Joined: December 10 2007
Location: United States
Posts: 76
Posted: April 03 2009 at 2:17pm | IP Logged Quote ajdiaz

Hi Support,

We noticed that in your examples, the Media Engine places SIP messages in a global FIFO queue, where another thread reads from it and passes it onto its corresponding call monitor handler thread which also has its own FIFO queue. We are not using this approach, we are using more worker threads everywhere yet sometimes experience deadlocks.

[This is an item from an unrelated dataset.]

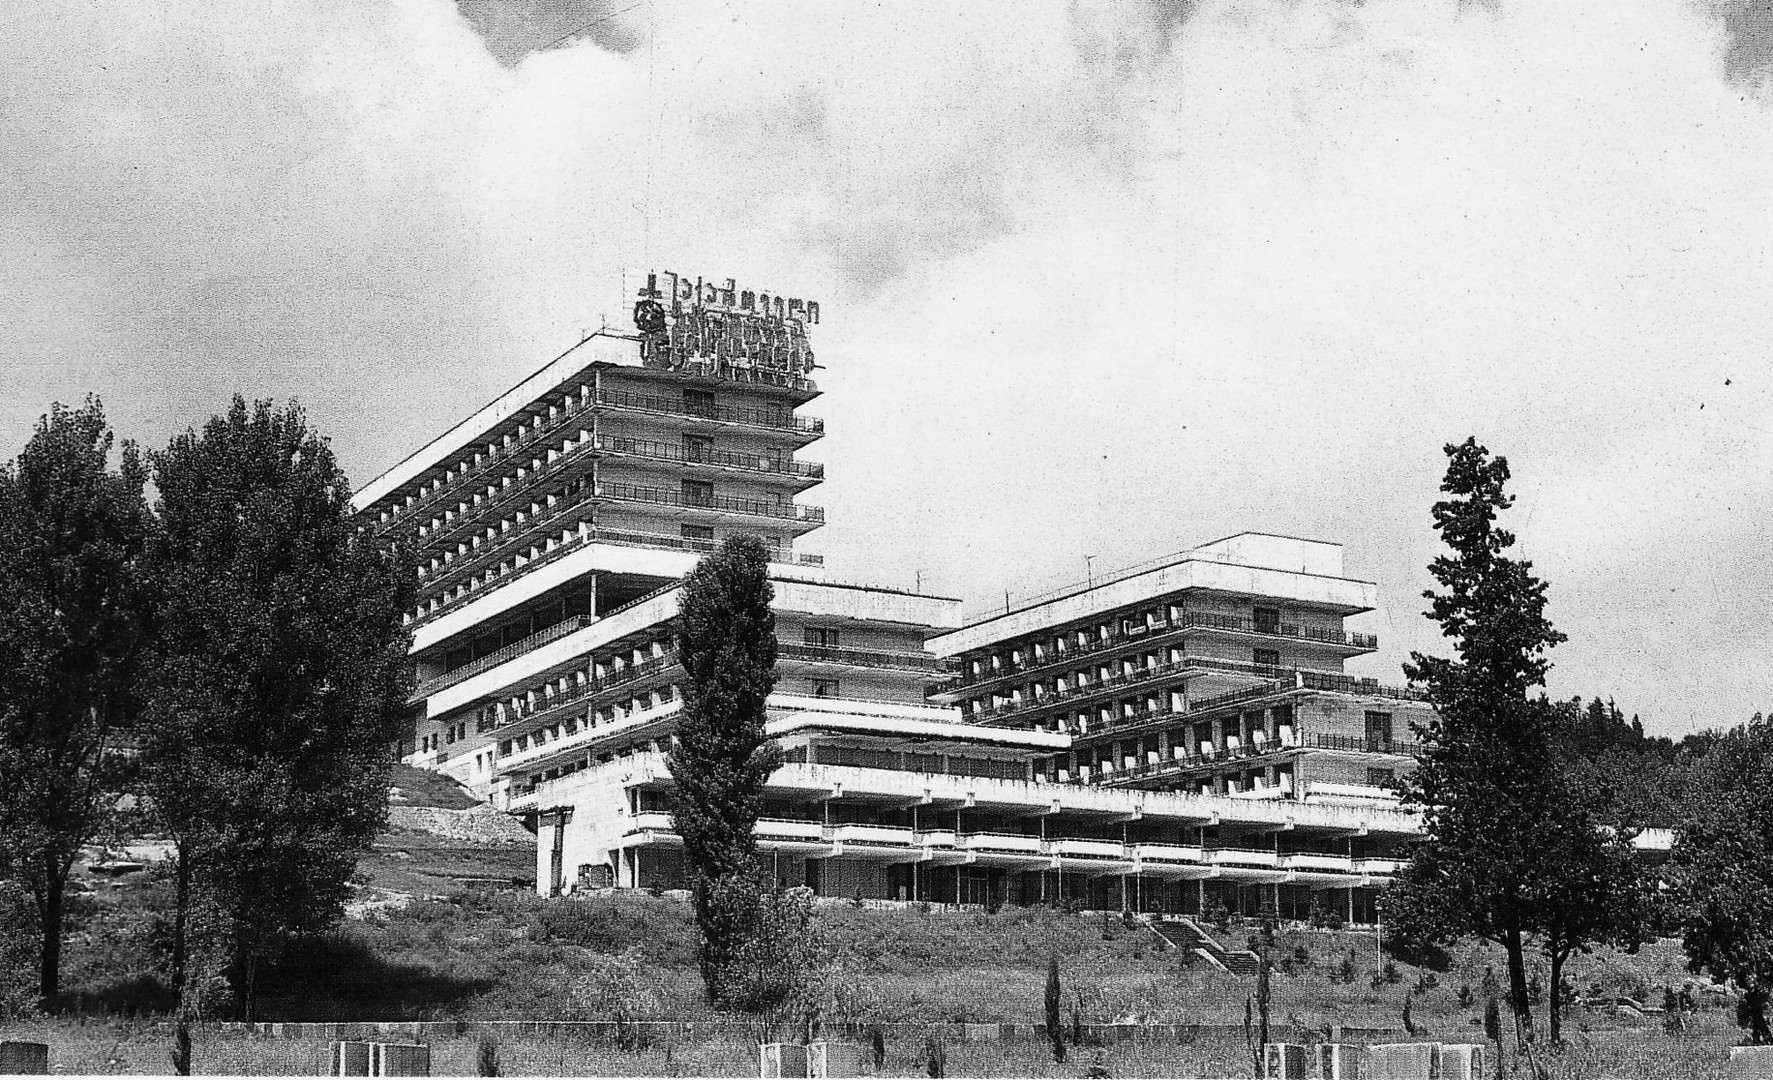 Sakartvelo-sanatorium.jpg

So we are looking at redesigning our application and applying the techniques used in your examples. We are taking the ConferenceServer example as our base model and building on top of it to fit our needs.

My questions are:

Does the ConferenceServer example app apply what you consider best practices? Is there anything in the ConferenceServer example app that you would consider needs improvement to be a production app?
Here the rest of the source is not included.